Sometimes you’re just not the target consumer of a particular piece of art. I realize as I type that sentence that it is, in fact, more revolutionary than it might appear. White folks are used to being the target consumer of art. It strikes us as odd or uncomfortable when we’re not, which is maybe why I assumed this book, clearly marketed as young adult might actually be for me, despite the fact that “young” has not been an accurate adjective for me for many many years.


Please don’t misunderstand me, this version of Kendi’s work is wonderful. I’m so grateful that it exists, and it does provide some pithy articulations of the concepts, as I hoped it might. Notably, I really loved Kendi’s use of the three approaches to racism and antiracism: antiracists, assimilationists, and segregationists. Kendi defined them this way: “A group we can call segregationists has blamed Black people themselves for the racial disparities. A group we can call antiracists has pointed to racial discrimination. A group we can call assimilationists has tried to argue for both, saying that Black people and racial discrimination were to blame for racial disparities.” In Jason Reynolds’ hands, these definitions were distilled to their essence: “The antiracists try to transform racism. The assimilationists try to transform Black people. The segregationists try to get away from Black people.” (xiii)


That’s in the Introduction. In the first chapter, Reynolds defines these terms again: “Segregationists are haters. Like, real haters. People who hate you for not being like them. Assimilationists are people who like you, but only with quotation marks. Like…”like” you. Meaning, they “like” you because you’re like them. And then there are antiracists. They love you because you’re like you.” (3-4 emphasis in the original)

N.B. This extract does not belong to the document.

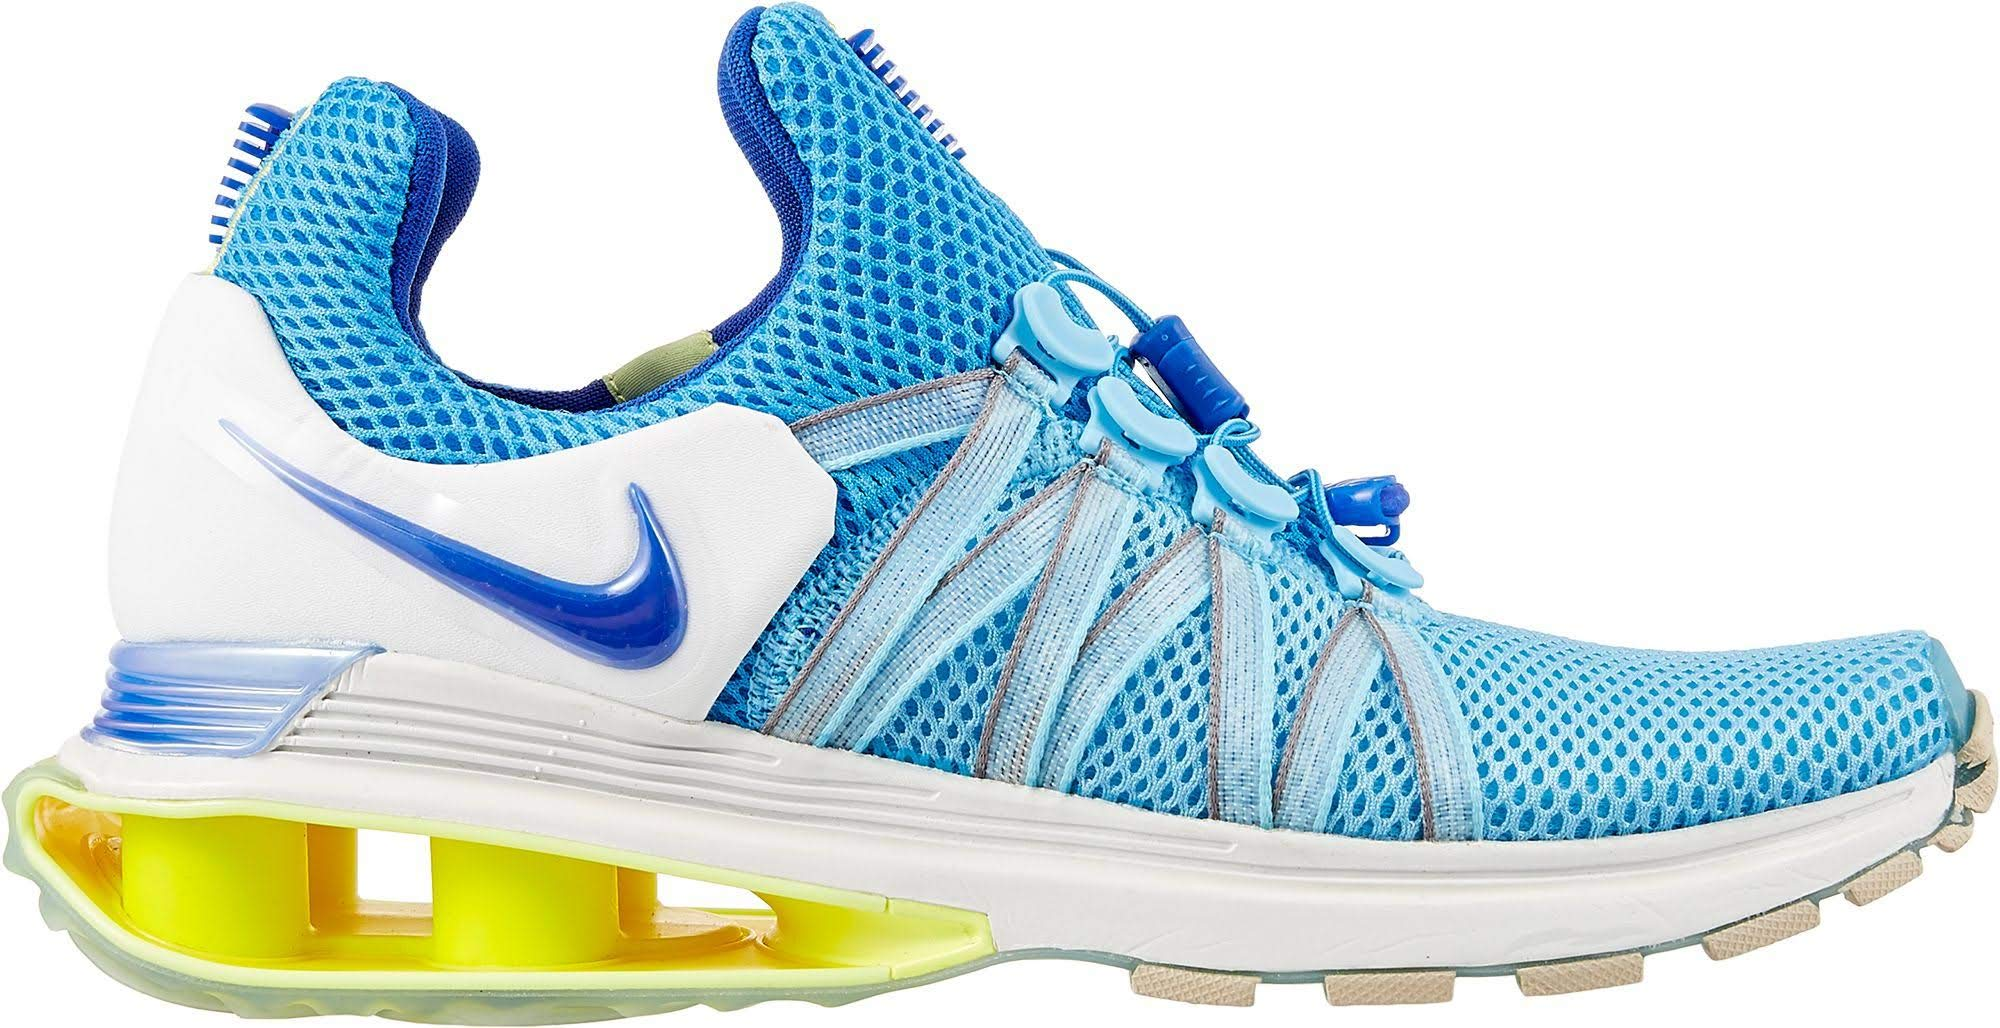 Nike Women's Shox Gravity Racer Blue Lagoon Running Training Shoes (6.5 B(M) US)

These “conversational” definitions are not ones I would ever write, but they ring with accuracy. In the latter definition I see echoes of the Intercultural Development Continuum that my colleagues at Joyous Justice and I use to guide our work with individuals and organizations. Stamped is a primer, as I thought it might be, but not the way I was expecting. In fact, it is doing much more important work than I had had in mind. With Reynolds’ charming and unapologetic prose applied to Kendi’s framing, insights, and historical through-line, Stamped is one tool today’s youth can access to help them recognize racism and its long history. It is arming Black kids and other kids of color against the gaslighting of racism, and interrogating oppressor patterns white kids are inheriting--from their literal family or from the culture that surrounds them.


It isn’t for me. And I’m grateful for that.